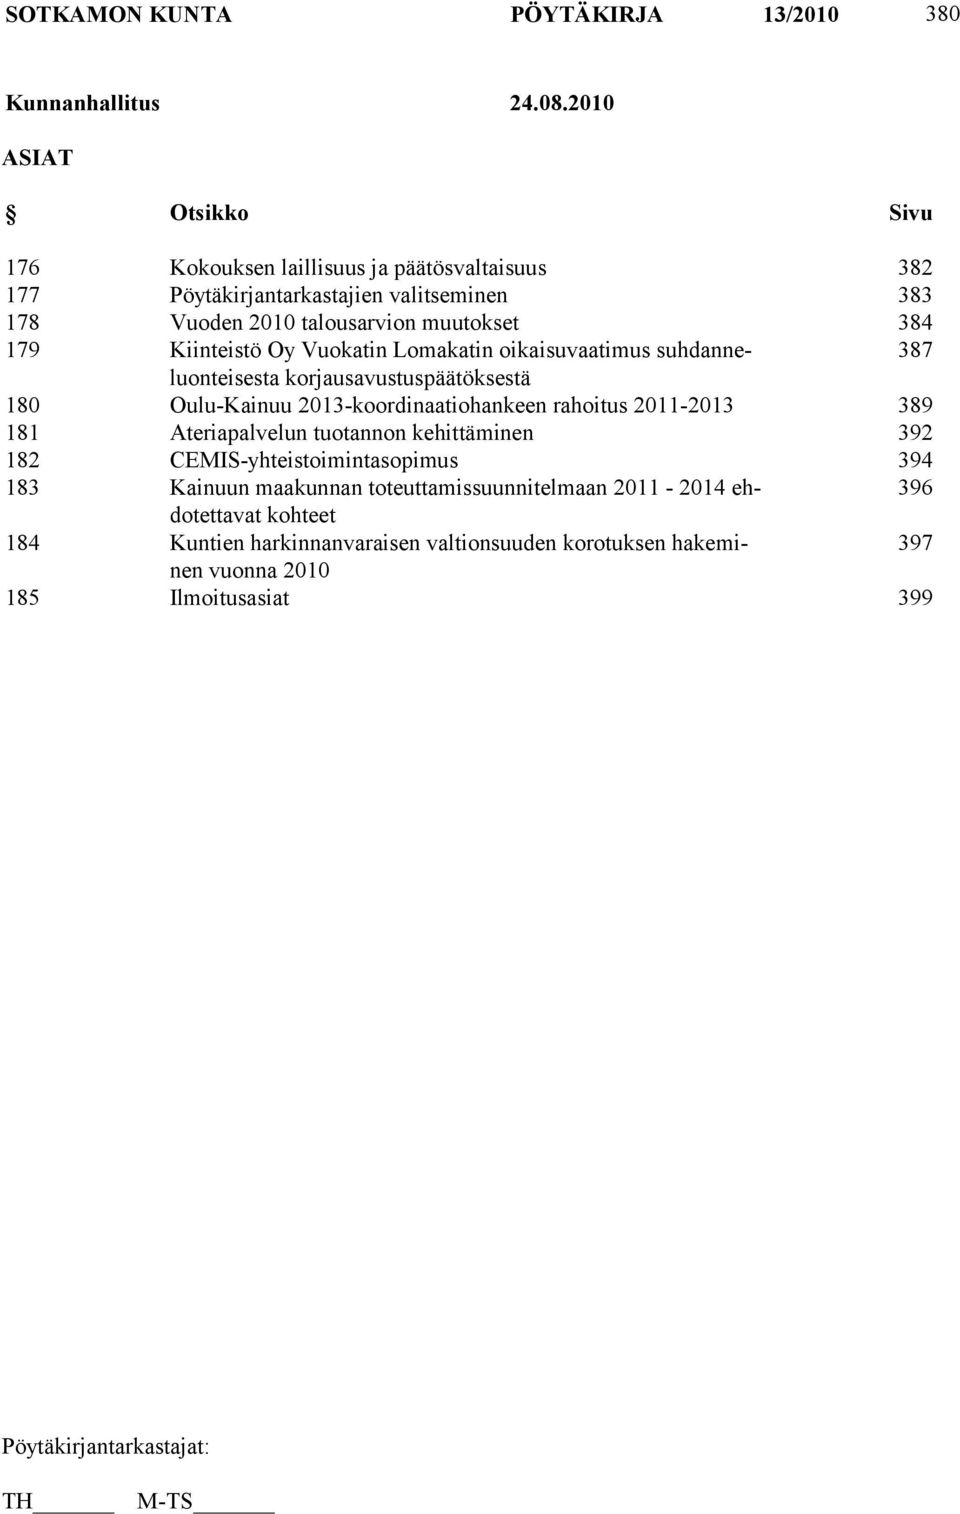 179 Kiinteistö Oy Vuokatin Lomakatin oikaisuvaatimus suhdanneluonteisesta 387 korjausavustuspäätöksestä 180 Oulu-Kainuu 2013-koordinaatiohankeen rahoitus 2011-2013
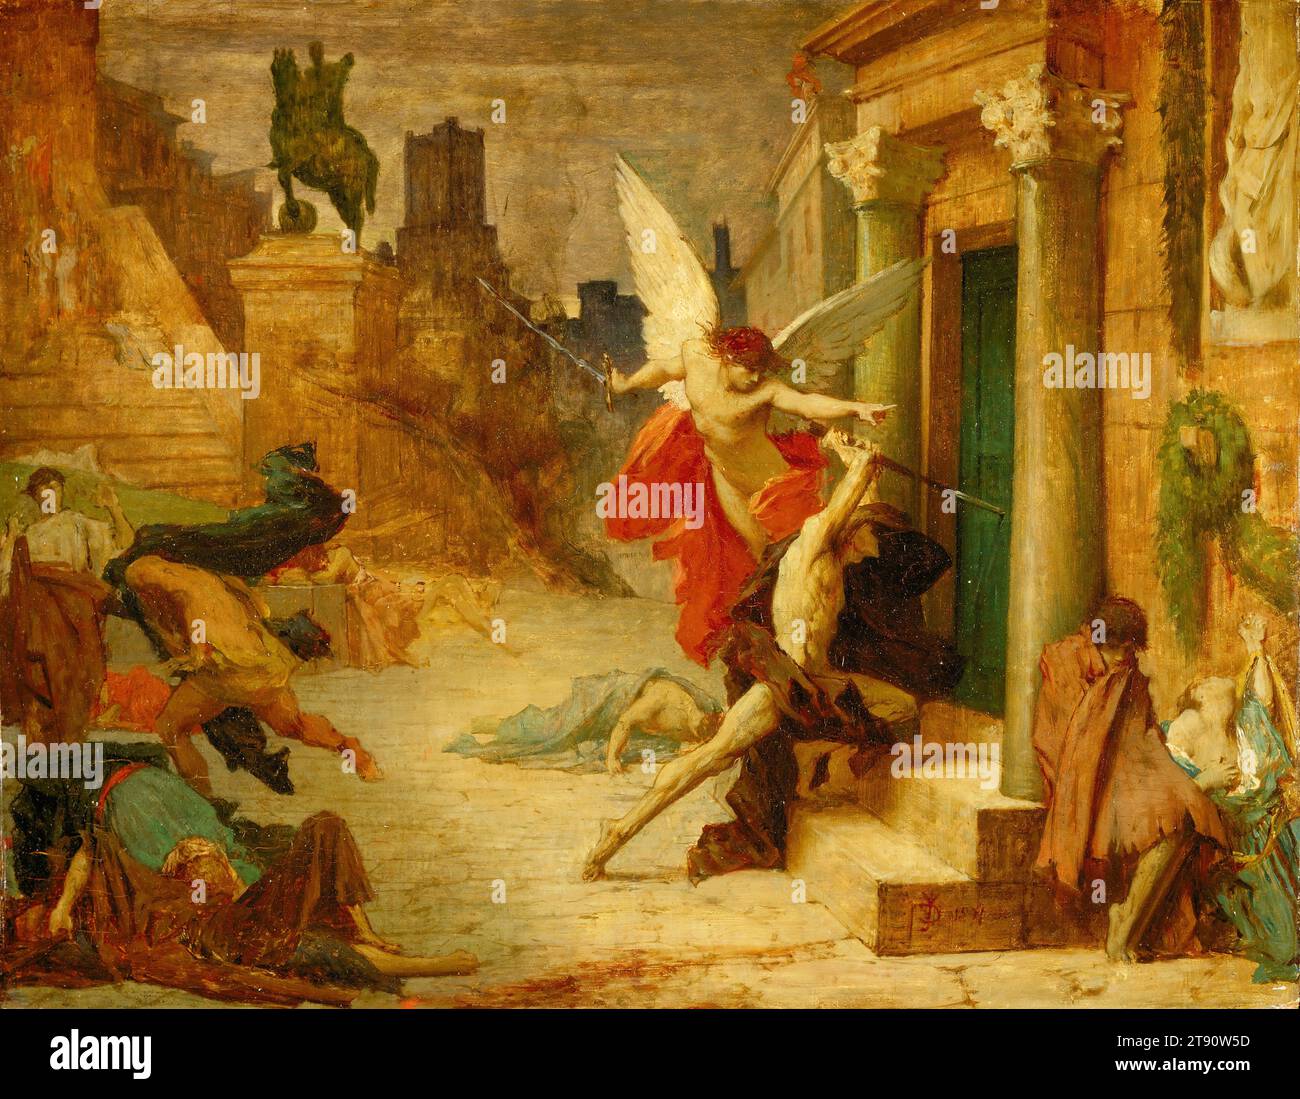 La peste à Rome, 1869, Jules Elie Delaunay, Français, 1828 - 1891, 14 7/16 x 18 1/16 po (36,67 x 45,88 cm) (toile)21 1/4 x 23 3/4 x 2 1/4 po (53,98 x 60,33 x 5,72 cm) (cadre extérieur), huile sur bois, France, 19e siècle, il s'agit probablement d'une étude pour le tableau le plus célèbre de Delaunay, une grande toile qu'il a exposée en 1869, mais qui a eu sa genèse pendant la période d'études de Delaunay à Rome (1856-61). L'artiste s'est inspiré d'un passage de la Légende dorée du 13e siècle de Jacobus de Voragine, qui décrit comment la vengeance divine a apporté un fléau à Rome. Dans le tableau, figures frappées par la peste Banque D'Images
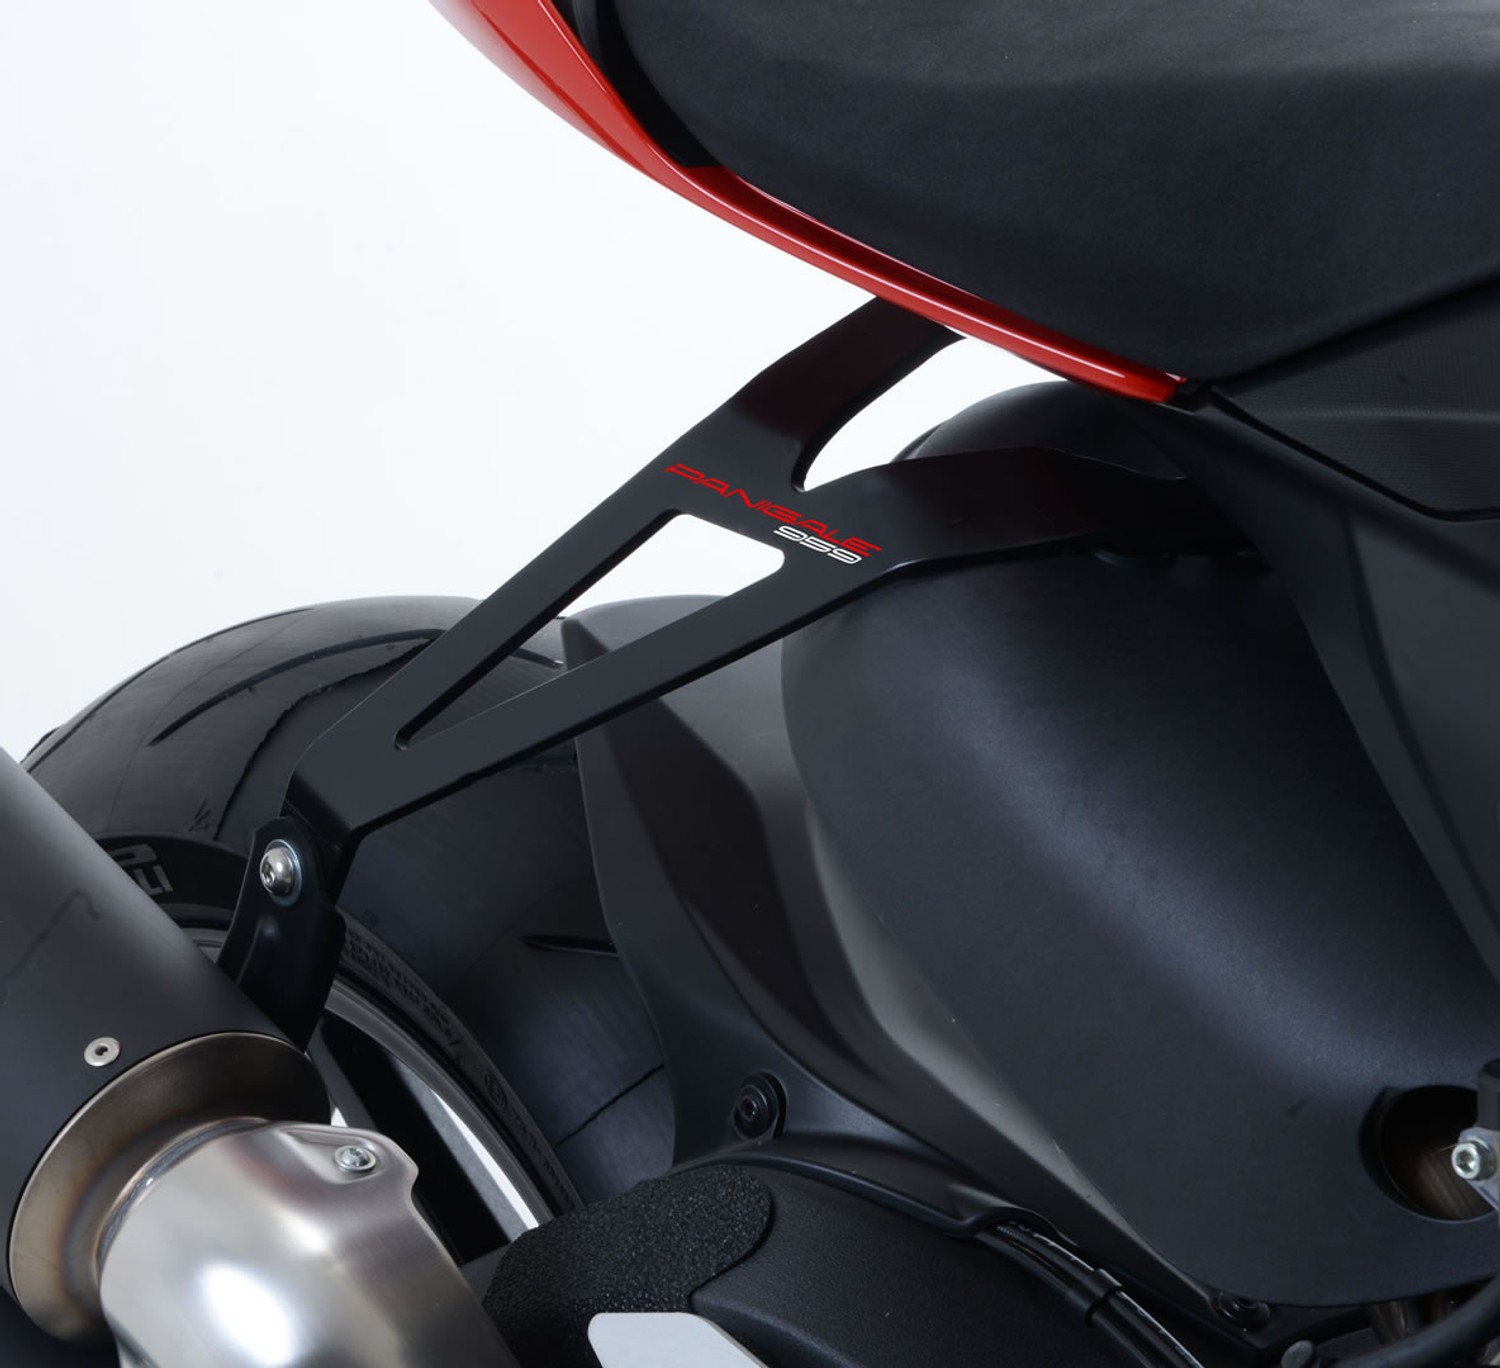 New R & G Soporte de escape Black Ducati Panigale 959 2015-exhaust Hanger

| The problem |
Since the pictures are not wanted, write out the rest of the data exactly as it reads.

| Solution for this task |
 179 Kiinteistö Oy Vuokatin Lomakatin oikaisuvaatimus suhdanneluonteisesta 387 korjausavustuspäätöksestä 180 Oulu-Kainuu 2013-koordinaatiohankeen rahoitus 2011-2013
 La peste à Rome, 1869, Jules Elie Delaunay, Français, 1828 - 1891, 14 7/16 x 18 1/16 po (36,67 x 45,88 cm) (toile)21 1/4 x 23 3/4 x 2 1/4 po (53,98 x 60,33 x 5,72 cm) (cadre extérieur), huile sur bois, France, 19e siècle, il s'agit probablement d'une étude pour le tableau le plus célèbre de Delaunay, une grande toile qu'il a exposée en 1869, mais qui a eu sa genèse pendant la période d'études de Delaunay à Rome (1856-61). L'artiste s'est inspiré d'un passage de la Légende dorée du 13e siècle de Jacobus de Voragine, qui décrit comment la vengeance divine a apporté un fléau à Rome. Dans le tableau, figures frappées par la peste Banque D'Images
 New R & G Soporte de escape Black Ducati Panigale 959 2015-exhaust Hanger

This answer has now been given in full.